BRIEF
Return the lines from the start of the data through the line with "Giáo trình mô". Include both of those lines and no others.

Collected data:
================
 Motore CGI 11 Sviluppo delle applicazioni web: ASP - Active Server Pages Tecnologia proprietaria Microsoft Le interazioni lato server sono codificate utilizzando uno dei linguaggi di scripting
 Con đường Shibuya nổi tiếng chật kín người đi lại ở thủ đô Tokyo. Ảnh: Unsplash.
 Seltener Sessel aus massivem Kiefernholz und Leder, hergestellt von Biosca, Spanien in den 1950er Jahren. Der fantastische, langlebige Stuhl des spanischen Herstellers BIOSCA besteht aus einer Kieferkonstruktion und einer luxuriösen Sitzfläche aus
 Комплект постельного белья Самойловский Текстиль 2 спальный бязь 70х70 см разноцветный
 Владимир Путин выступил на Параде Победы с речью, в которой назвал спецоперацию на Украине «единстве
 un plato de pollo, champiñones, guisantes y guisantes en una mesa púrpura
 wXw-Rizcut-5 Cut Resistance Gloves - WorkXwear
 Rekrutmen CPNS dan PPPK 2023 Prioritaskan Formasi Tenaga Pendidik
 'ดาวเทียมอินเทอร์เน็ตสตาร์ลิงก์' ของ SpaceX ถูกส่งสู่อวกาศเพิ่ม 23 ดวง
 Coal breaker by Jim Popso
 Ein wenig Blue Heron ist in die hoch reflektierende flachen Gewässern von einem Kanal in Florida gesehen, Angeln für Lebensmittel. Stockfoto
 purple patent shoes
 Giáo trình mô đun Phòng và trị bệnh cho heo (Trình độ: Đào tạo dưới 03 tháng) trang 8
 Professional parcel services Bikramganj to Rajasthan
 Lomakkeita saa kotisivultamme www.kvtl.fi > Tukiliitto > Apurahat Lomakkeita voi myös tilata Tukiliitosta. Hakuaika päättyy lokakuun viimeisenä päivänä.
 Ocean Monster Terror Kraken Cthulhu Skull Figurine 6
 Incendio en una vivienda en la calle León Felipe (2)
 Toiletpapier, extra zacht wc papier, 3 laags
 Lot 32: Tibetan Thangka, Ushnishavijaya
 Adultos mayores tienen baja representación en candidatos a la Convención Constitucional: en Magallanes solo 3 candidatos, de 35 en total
================
EXERCISE OUTPUT
 Motore CGI 11 Sviluppo delle applicazioni web: ASP - Active Server Pages Tecnologia proprietaria Microsoft Le interazioni lato server sono codificate utilizzando uno dei linguaggi di scripting
 Con đường Shibuya nổi tiếng chật kín người đi lại ở thủ đô Tokyo. Ảnh: Unsplash.
 Seltener Sessel aus massivem Kiefernholz und Leder, hergestellt von Biosca, Spanien in den 1950er Jahren. Der fantastische, langlebige Stuhl des spanischen Herstellers BIOSCA besteht aus einer Kieferkonstruktion und einer luxuriösen Sitzfläche aus
 Комплект постельного белья Самойловский Текстиль 2 спальный бязь 70х70 см разноцветный
 Владимир Путин выступил на Параде Победы с речью, в которой назвал спецоперацию на Украине «единстве
 un plato de pollo, champiñones, guisantes y guisantes en una mesa púrpura
 wXw-Rizcut-5 Cut Resistance Gloves - WorkXwear
 Rekrutmen CPNS dan PPPK 2023 Prioritaskan Formasi Tenaga Pendidik
 'ดาวเทียมอินเทอร์เน็ตสตาร์ลิงก์' ของ SpaceX ถูกส่งสู่อวกาศเพิ่ม 23 ดวง
 Coal breaker by Jim Popso
 Ein wenig Blue Heron ist in die hoch reflektierende flachen Gewässern von einem Kanal in Florida gesehen, Angeln für Lebensmittel. Stockfoto
 purple patent shoes
 Giáo trình mô đun Phòng và trị bệnh cho heo (Trình độ: Đào tạo dưới 03 tháng) trang 8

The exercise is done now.